A retrospective study was performed to identify ertapenem-resistant ESBL-producing Klebsiella pneumoniae isolates from various clinical samples collected from patients hospitalized in Clinical Hospital Centre Rijeka, Croatia. This institution is a tertiary-level teaching hospital situated in three geographically distinct locations. It is the major healthcare facility in its region, with 1069 acute care beds and outpatient clinic, and it serves a population of approximately 300,000 inhabitants mostly from Western (Costal) Croatia. It has 18 clinics (Anesthesiology and Intensive Care, Dermatology, Surgery, Neurosurgery, Internal Medicine, Infectious Diseases, Pediatrics, Gynecology, Oncology, Neurology, etc.) and 12 clinical institutes.

The Ethics Committee of the Clinical Hospital Centre Rijeka approved this study and waived the need for informed consent.

Routine susceptibility testing was carried out using the disk diffusion method as a part of routine laboratory practice. Minimum inhibitory concentration assays of selected antibiotics, molecular analyses and pulsed-field gel electrophoresis were specifically performed for this study.

Bacterial isolates

A total of 74 ertapenem-non-susceptible K. pneumoniae isolates collected from January 2012 to December 2014 were the subject of this retrospective study. All isolates non-susceptible to ertapenem (MIC>0.5) with confirmed ESBL-producing phenotypes were collected as part of the routine hospital laboratory procedure and were not specially isolated for this study. Isolates were obtained from both clinical and active surveillance samples of patients hospitalized in different hospital wards. Duplicate isolates (the same species from the same patient) were excluded. Bacteria were stored at -70°C in MAST CRYOBANK™ cryogenic vials (MAST Diagnostica, Germany). The identification of K. pneumoniae complex was performed using the VITEK 2 system (bioMérieux, France). In this survey, we did not differentiate between colonizing and infecting isolates.

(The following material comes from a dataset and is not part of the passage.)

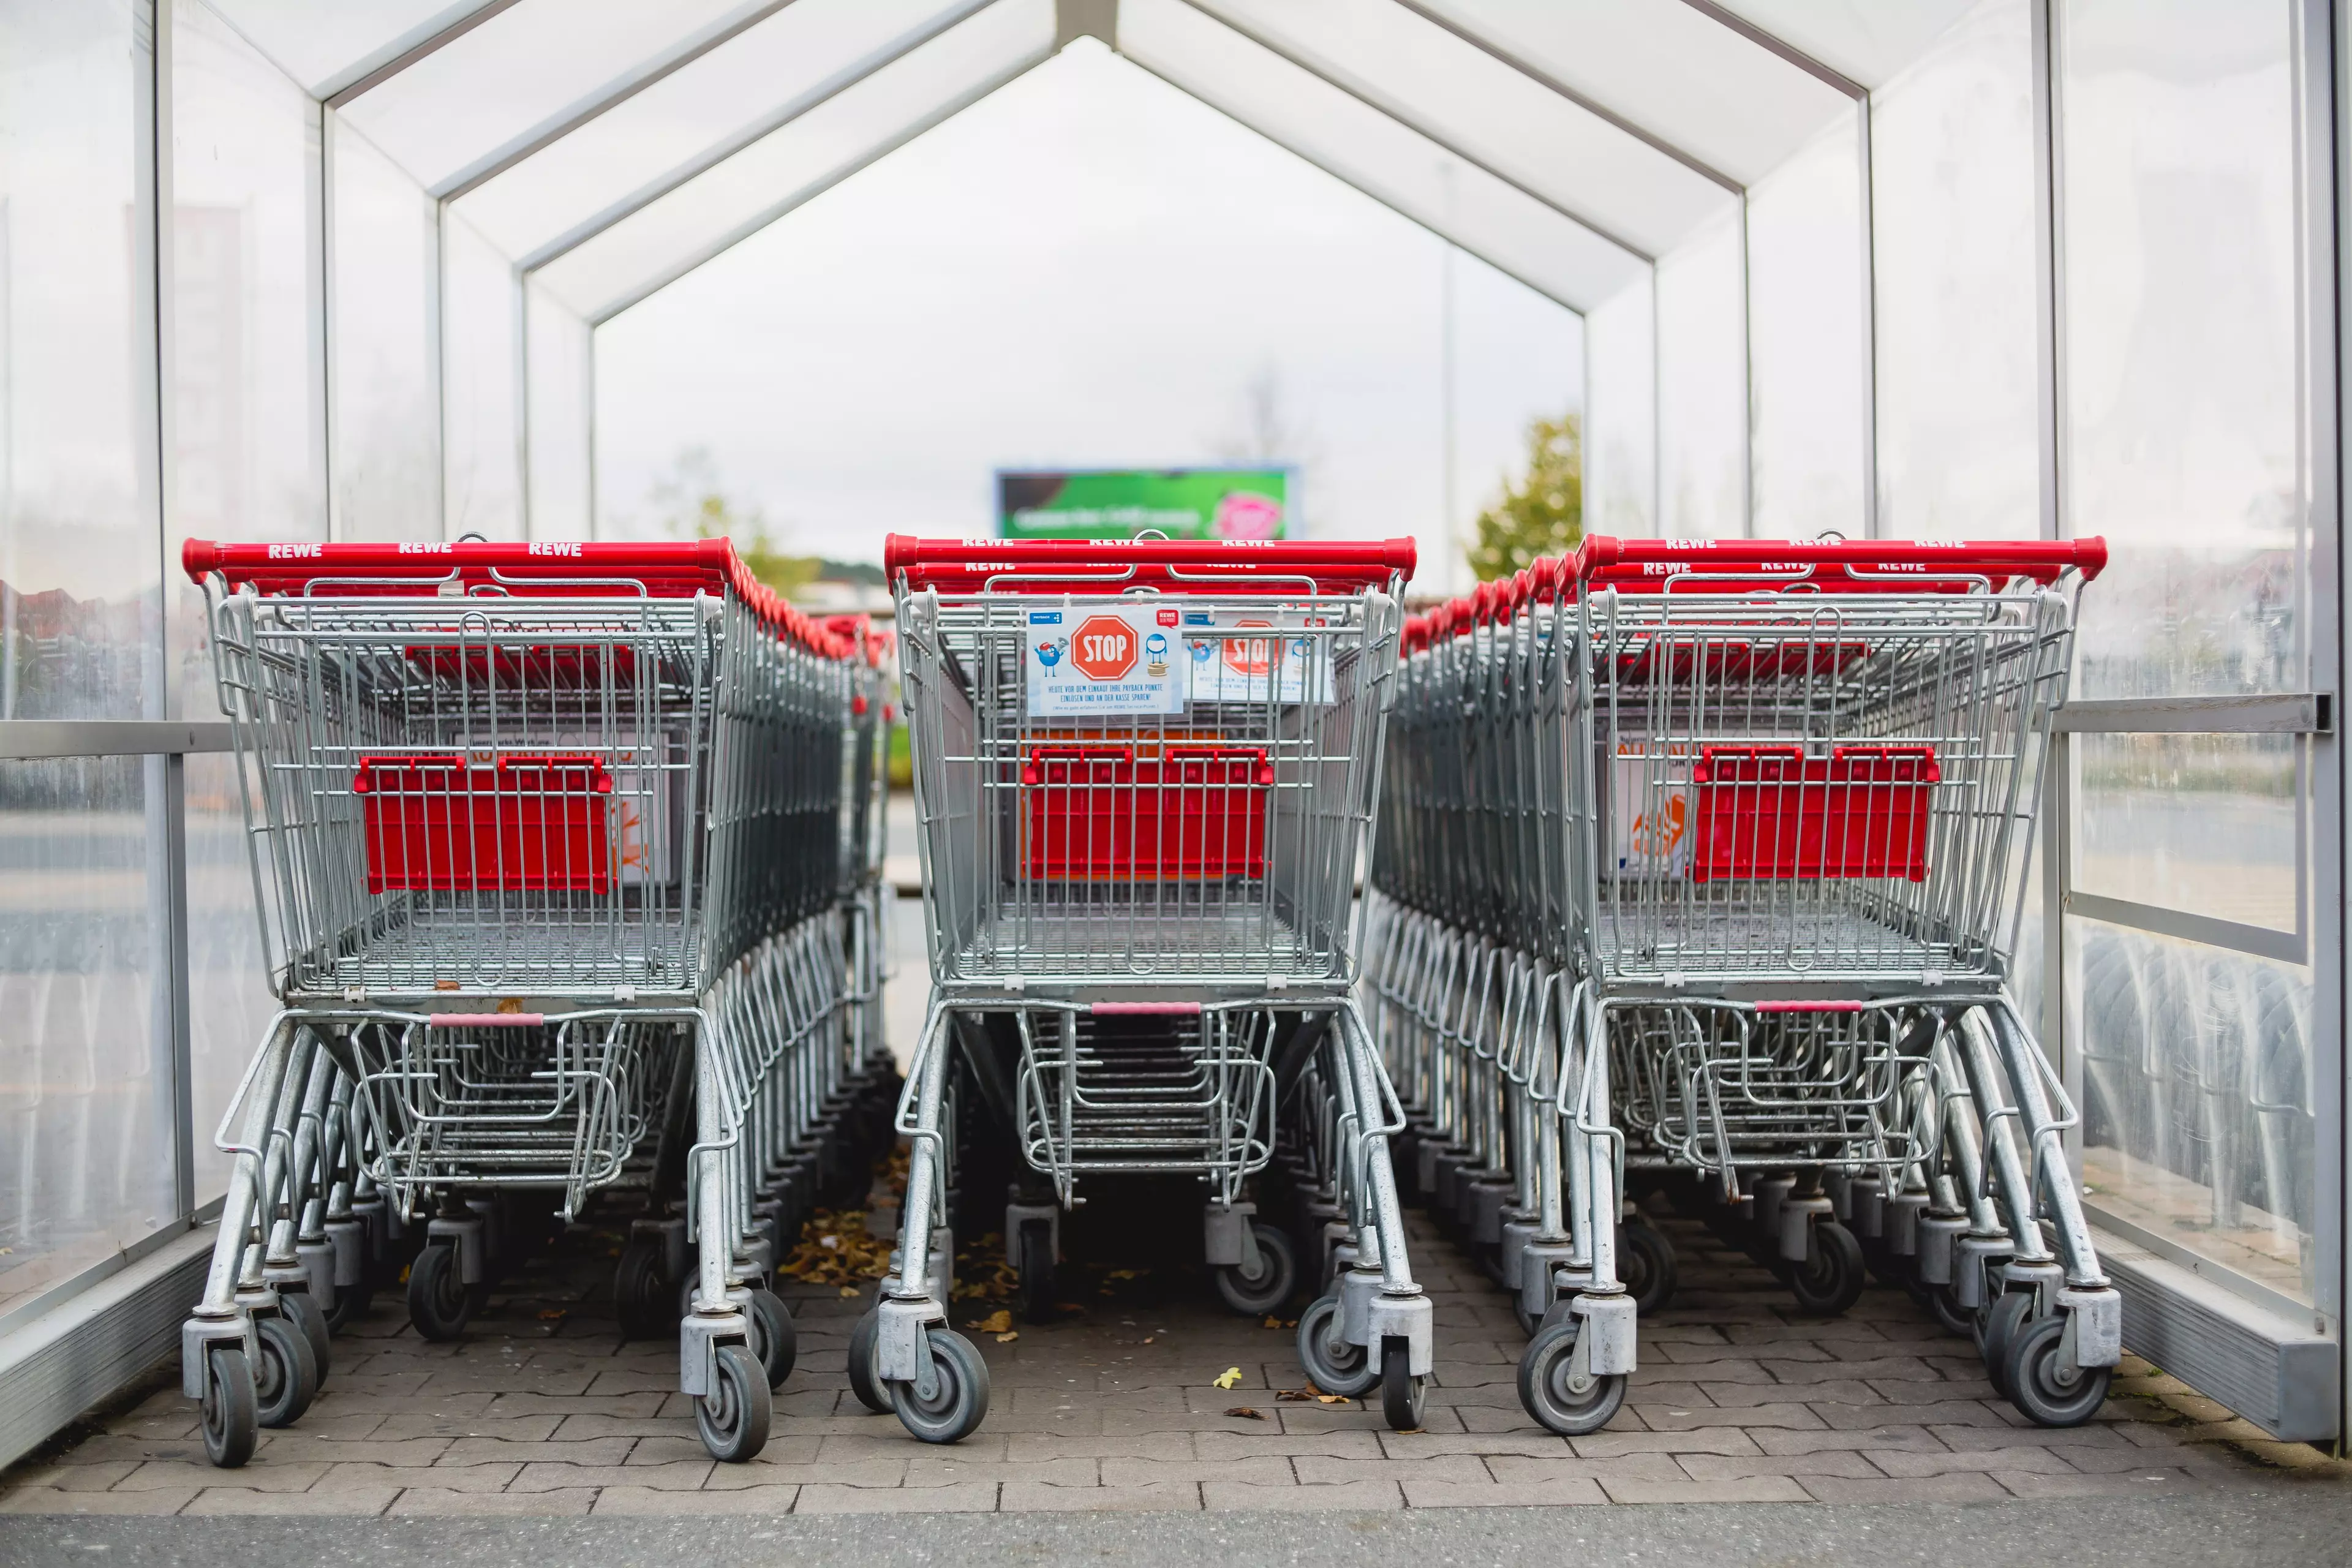 Aldi have advised shoppers not to touch trolleys until they are positioned in front of the store, once deep cleaned (

Antimicrobial susceptibility testing (AST)

Isolates were cultured at 37°C for 24 h on Mueller-Hinton agar (BD Difco, France), and inoculates were prepared in Mueller-Hinton broth (MHB) (BD Difco) at a density adjusted to a 0.5 MacFarland turbidity standard. AST was performed and interpreted according to EUCAST Standard.[9] ESBL production was screened by phenotypic disc diffusion methods (double disk synergy assays) while AmpC beta-lactamases were tested using inhibitor-based method (cloxacillin with cefoxitin and phenylboronic acid with cefoxitin). The MIC of the antibiotics – ertapenem, doripenem, imipenem, meropenem, ciprofloxacin, cefotaxime, ceftazidime, gentamicin, amikacin, tigecycline and colistin was determined using E-test according to the manufacturer's instructions (AB Biodisk, Sweden). MIC₅₀ and MIC₉₀ levels were defined as the lowest concentration of the antibiotic at which 50% and 90% of the isolates were inhibited, respectively. ESBL production was confirmed by cefotaxime/cefotaxime-clavulanic acid and ceftazidime/ceftazidime-clavulanic acid ESBL strips (bioMérieux) on MH agar. K. pneumoniae ATCC 700603 was used as quality control isolate for ESBL production. For detection of the major carbapenemases the Modified Hodge Test (MHT) and Carba NP Test were performed on isolates grown on MH agar plates as previously described.[10] K. pneumoniae ATCC BAA-1705 was used as positive control for MHT.

Molecular detection of carbapenemase resistance genes

A full 10-µL inoculation loop with a bacterial suspension equivalent to 0.5 McFarland standard was added into the sample reagent. After homogenization 1.7 mL were subsequently transferred into the cartridge and commercial Xpert® Carba-R multiplex real-time PCR assay (Cepheid, USA) designed for the qualitative detection of five carbapenemase genes (bla_KPC, bla_NDM, bla_VIM, bla_OXA-48, and bla_IMP-1) was carried on the GeneXpert System – the molecular testing platform (Cepheid).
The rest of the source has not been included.